■ Recorded data
•••••

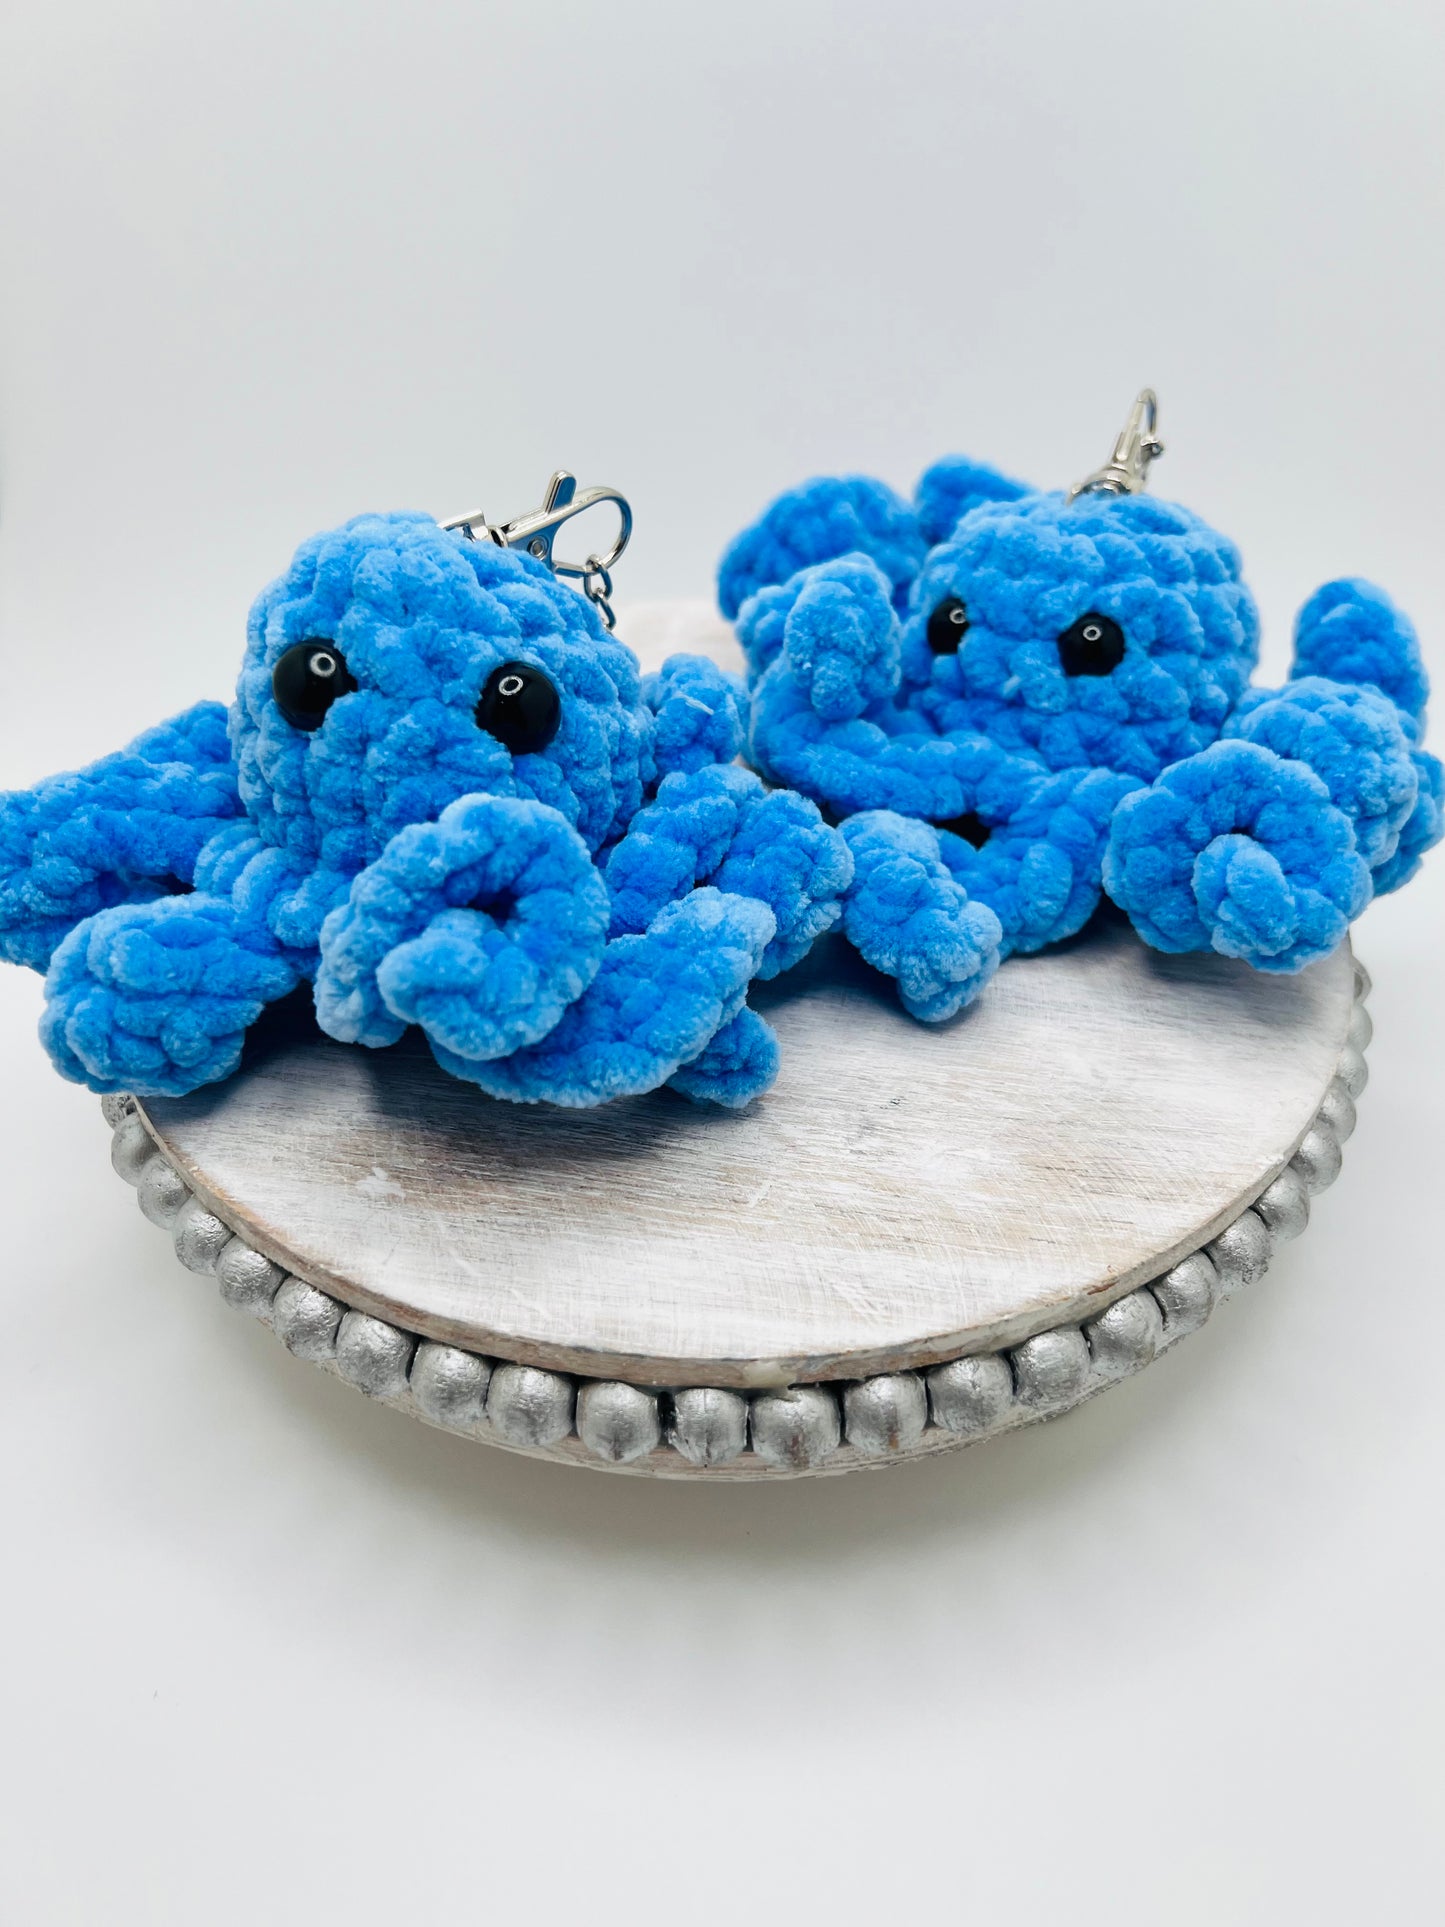 Stuffed Octopus Keychain - Crochet Knitted Amigurumi Toy (Different Colors Available)
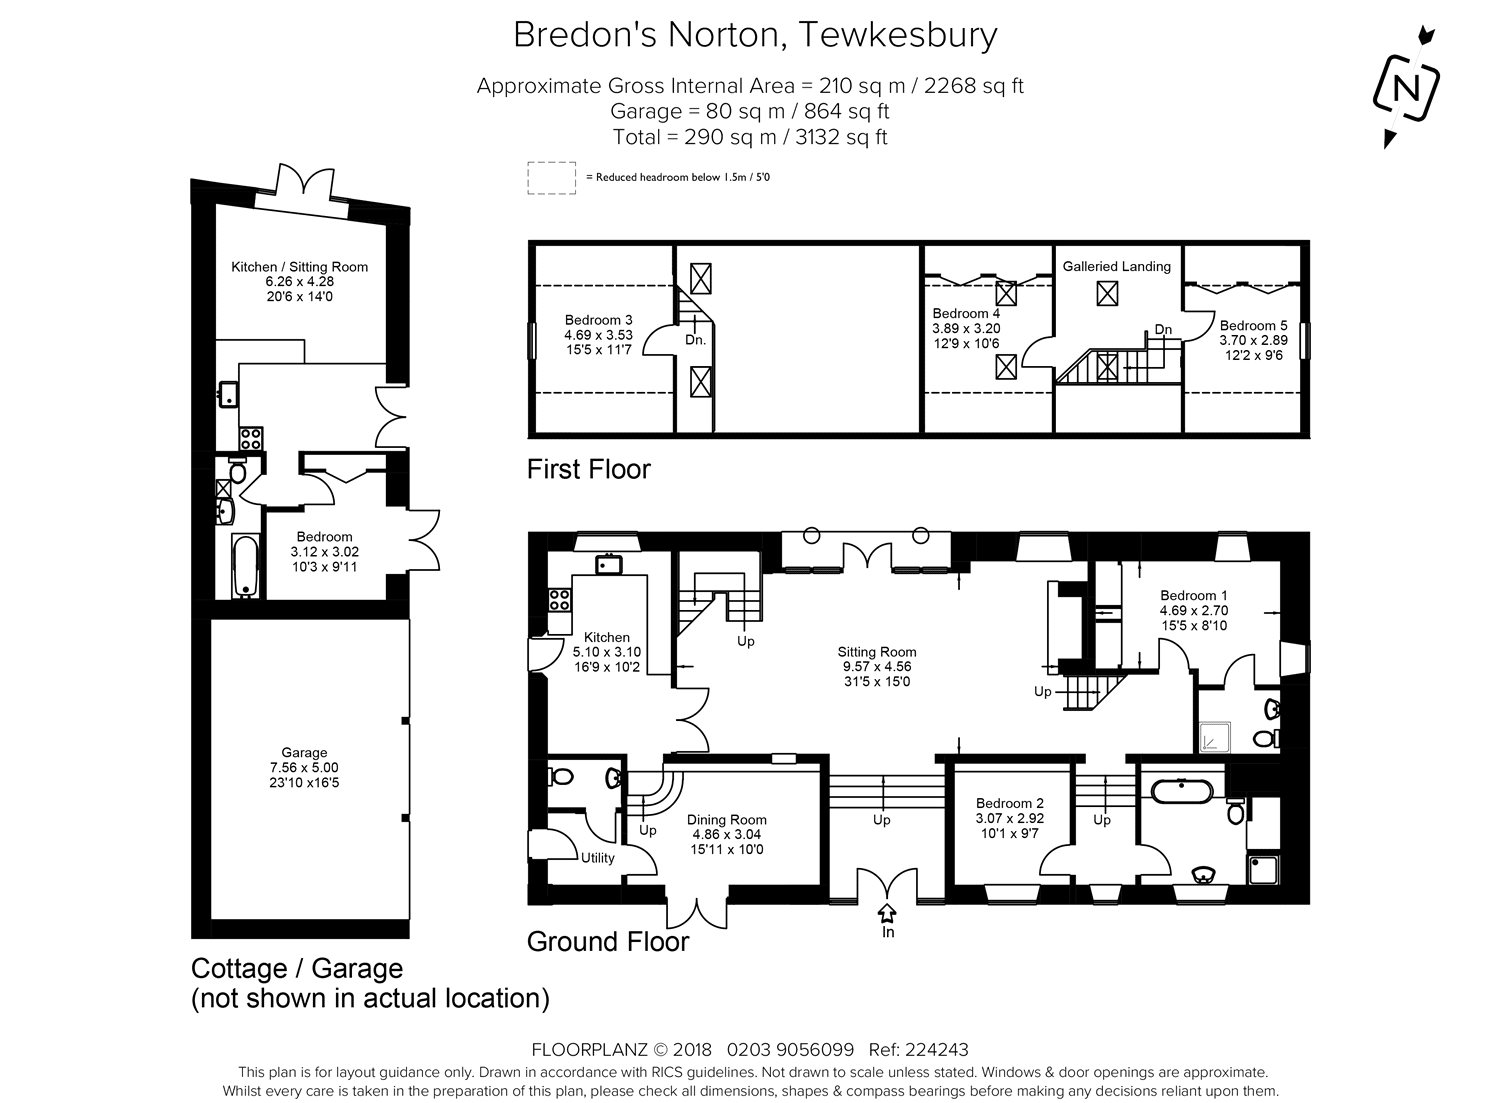 5 Bedrooms Barn conversion for sale in Bredons Norton, Tewkesbury, Worcestershire GL20
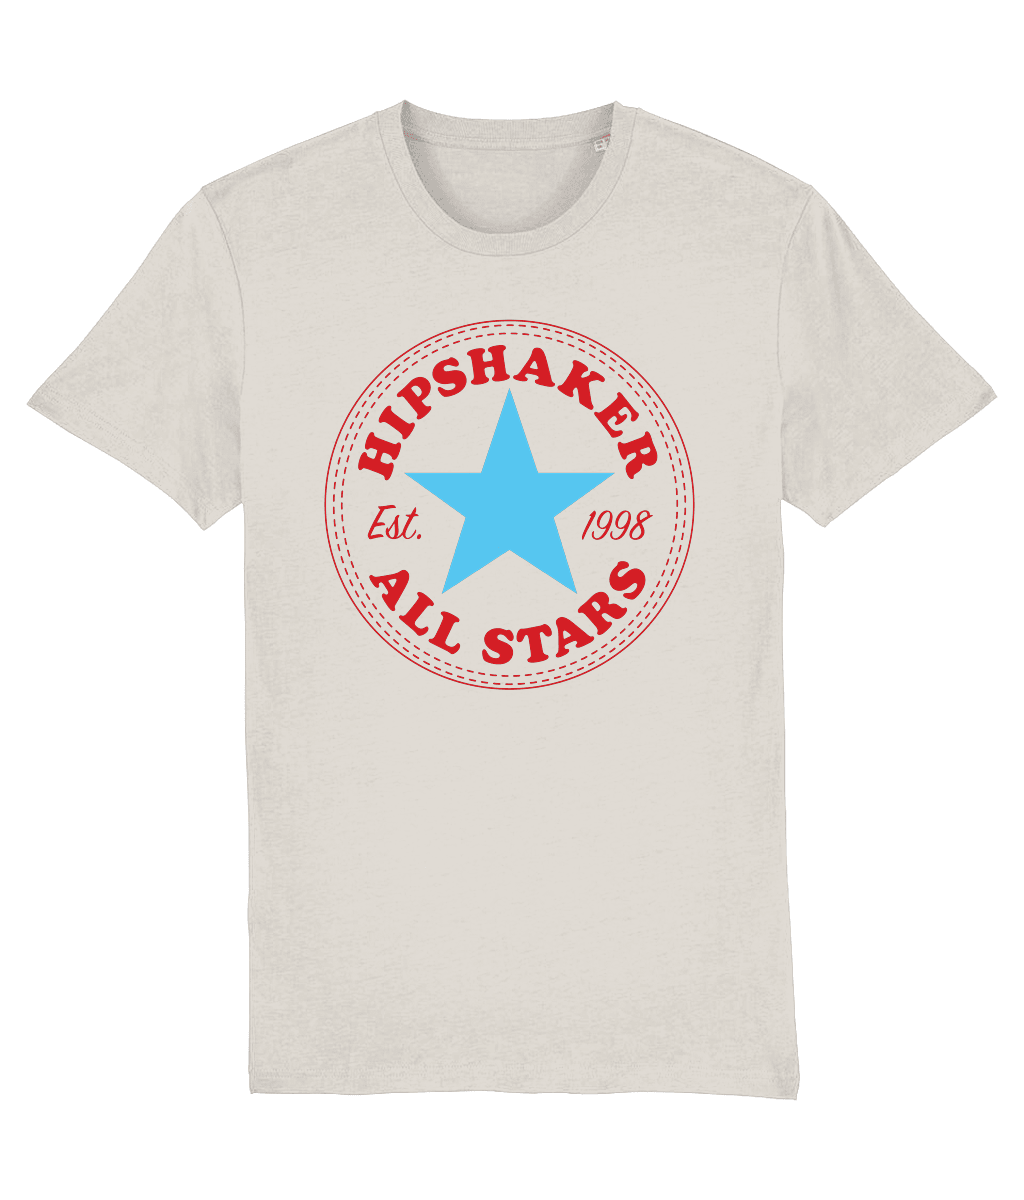 HIPSHAKER ALL STARS SKY: T-Shirt Official Merchandise of Hipshaker (3 Colour Options) - SOUND IS COLOUR
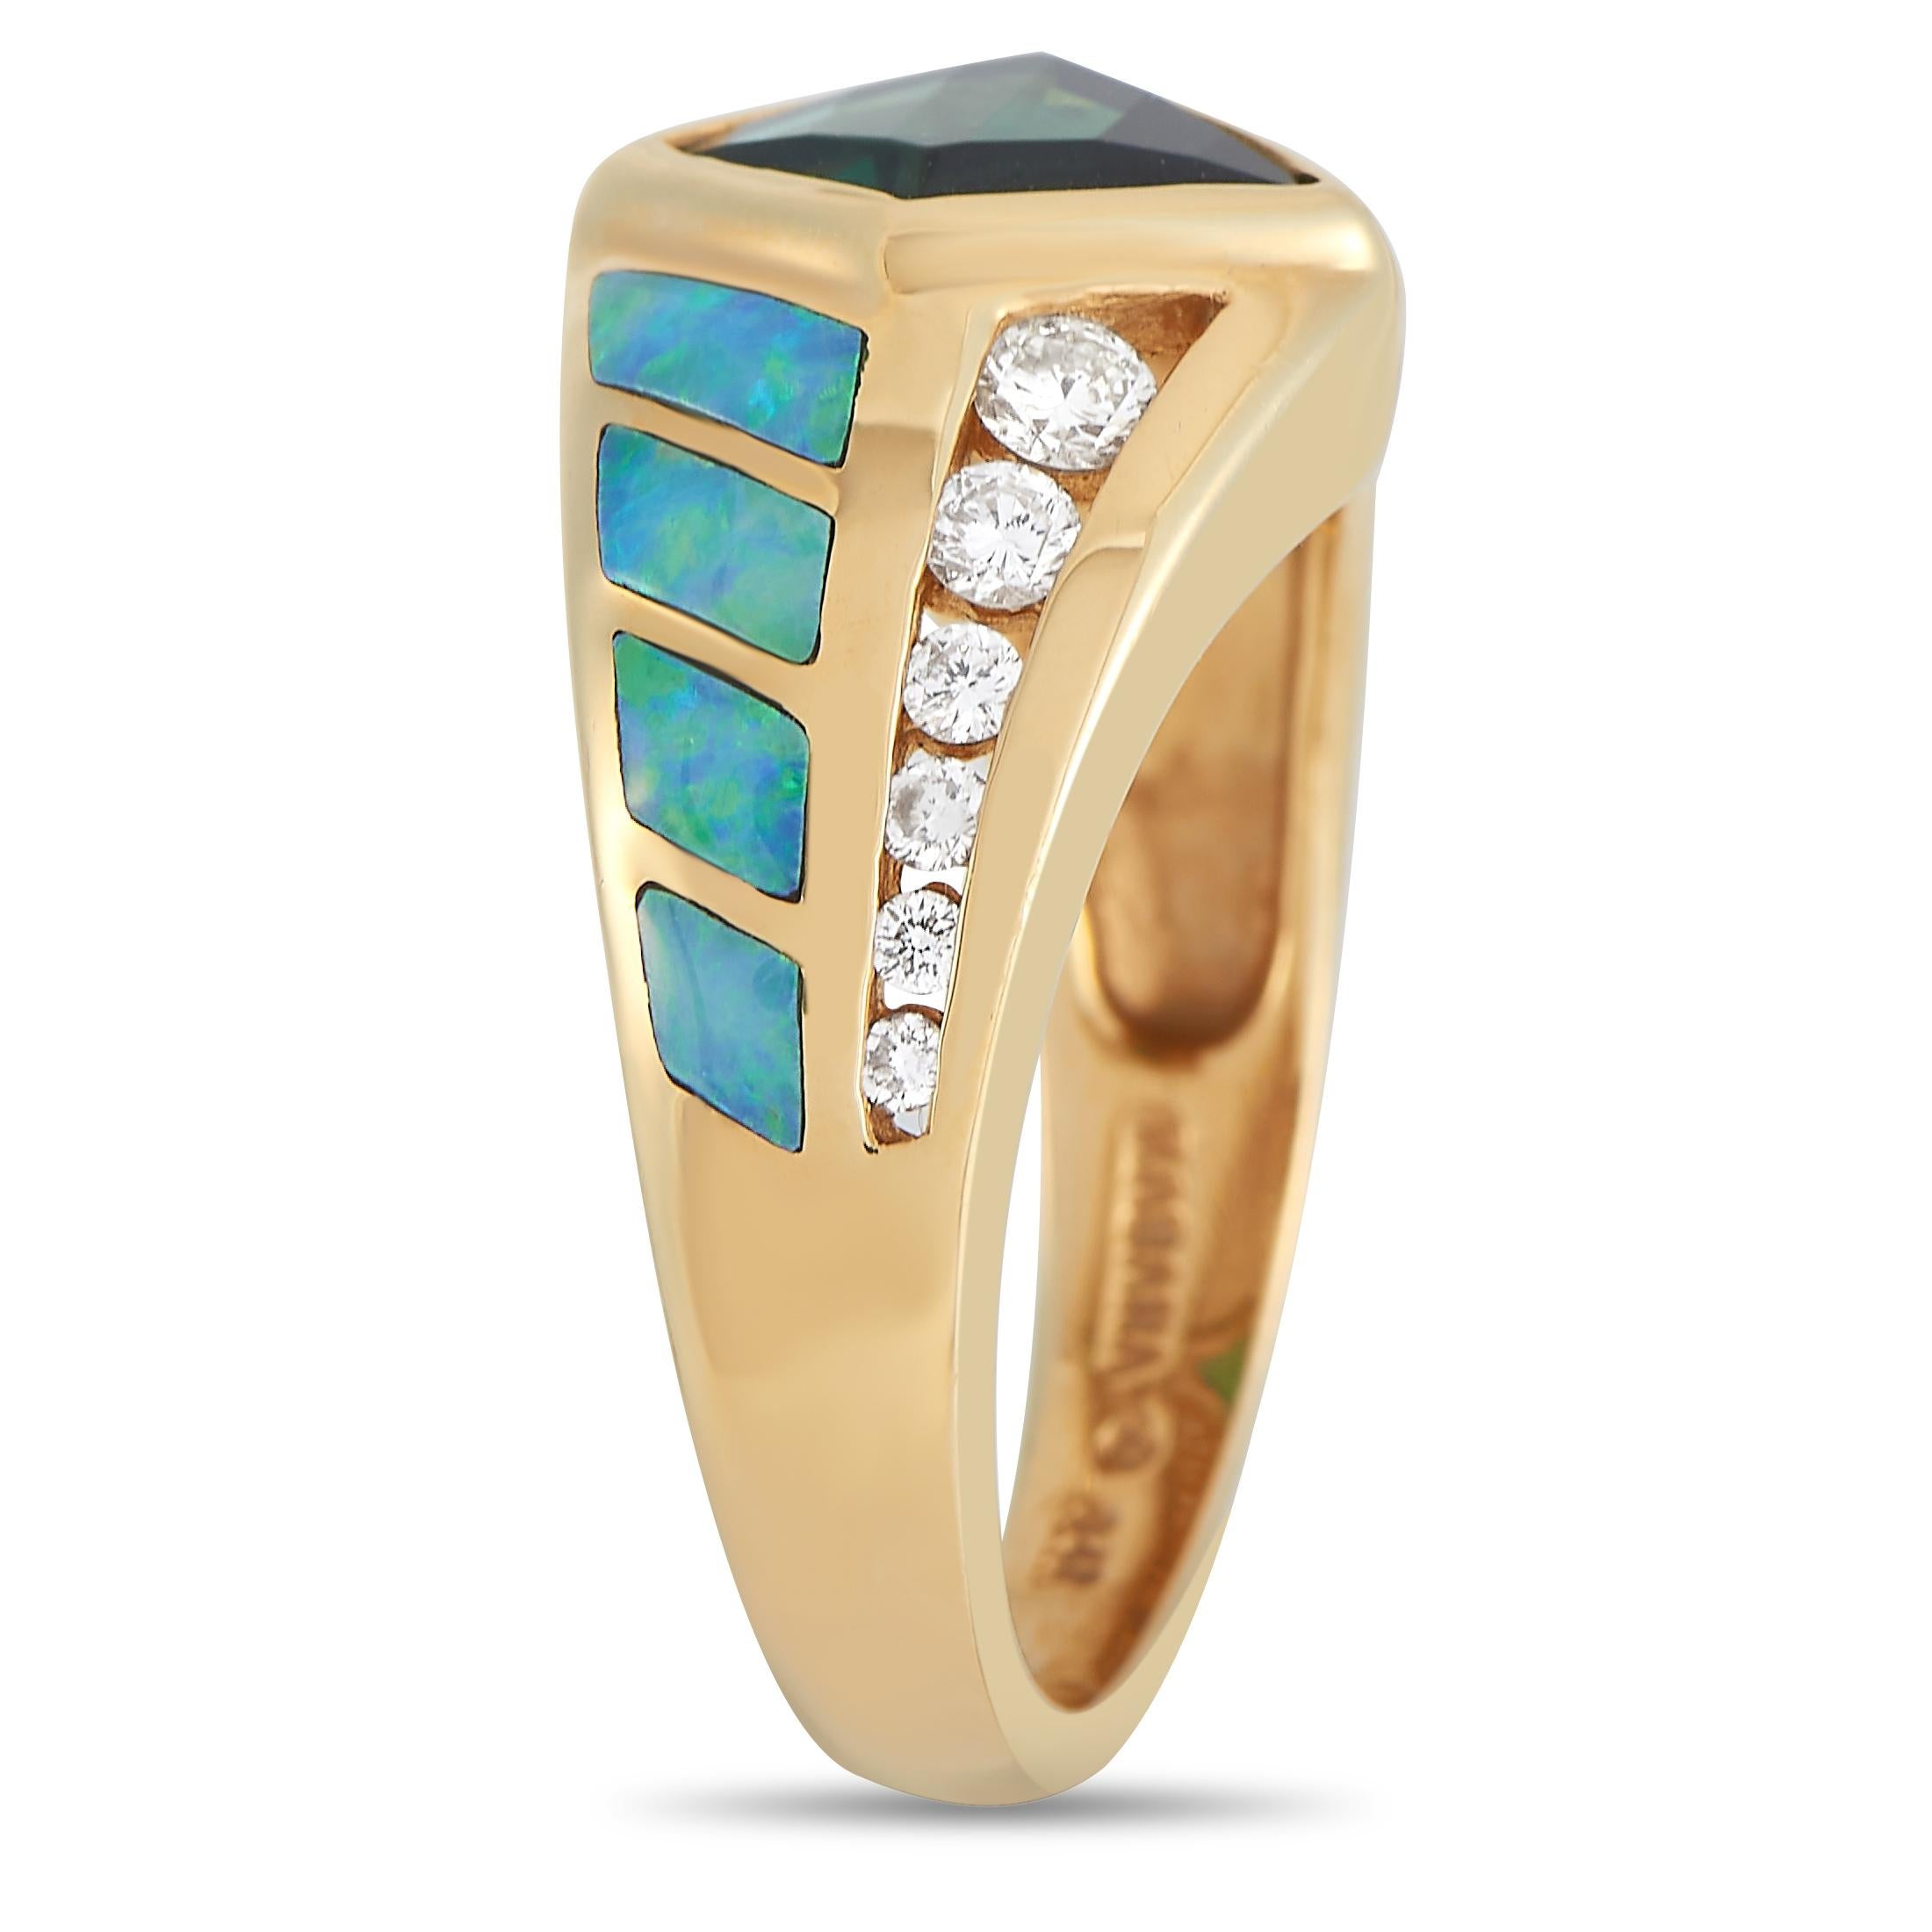 A striking geometric design makes this Kabana ring impossible to ignore. At the center, you’ll find a 1.10 carat tourmaline that’s flanked by inlaid opals and diamonds with a total weight of 0.35 carats. This piece features a 14K Yellow Gold

•••••

■ Exercise instructions
All that should be printed is the lines from the one containing "HIPSHAKER ALL STARS" through the last line of the material above, both ends included, exactly as they stand; please skip the pictures.

■ Exercise output
 HIPSHAKER ALL STARS SKY: T-Shirt Official Merchandise of Hipshaker (3 Colour Options) - SOUND IS COLOUR
 A striking geometric design makes this Kabana ring impossible to ignore. At the center, you’ll find a 1.10 carat tourmaline that’s flanked by inlaid opals and diamonds with a total weight of 0.35 carats. This piece features a 14K Yellow Gold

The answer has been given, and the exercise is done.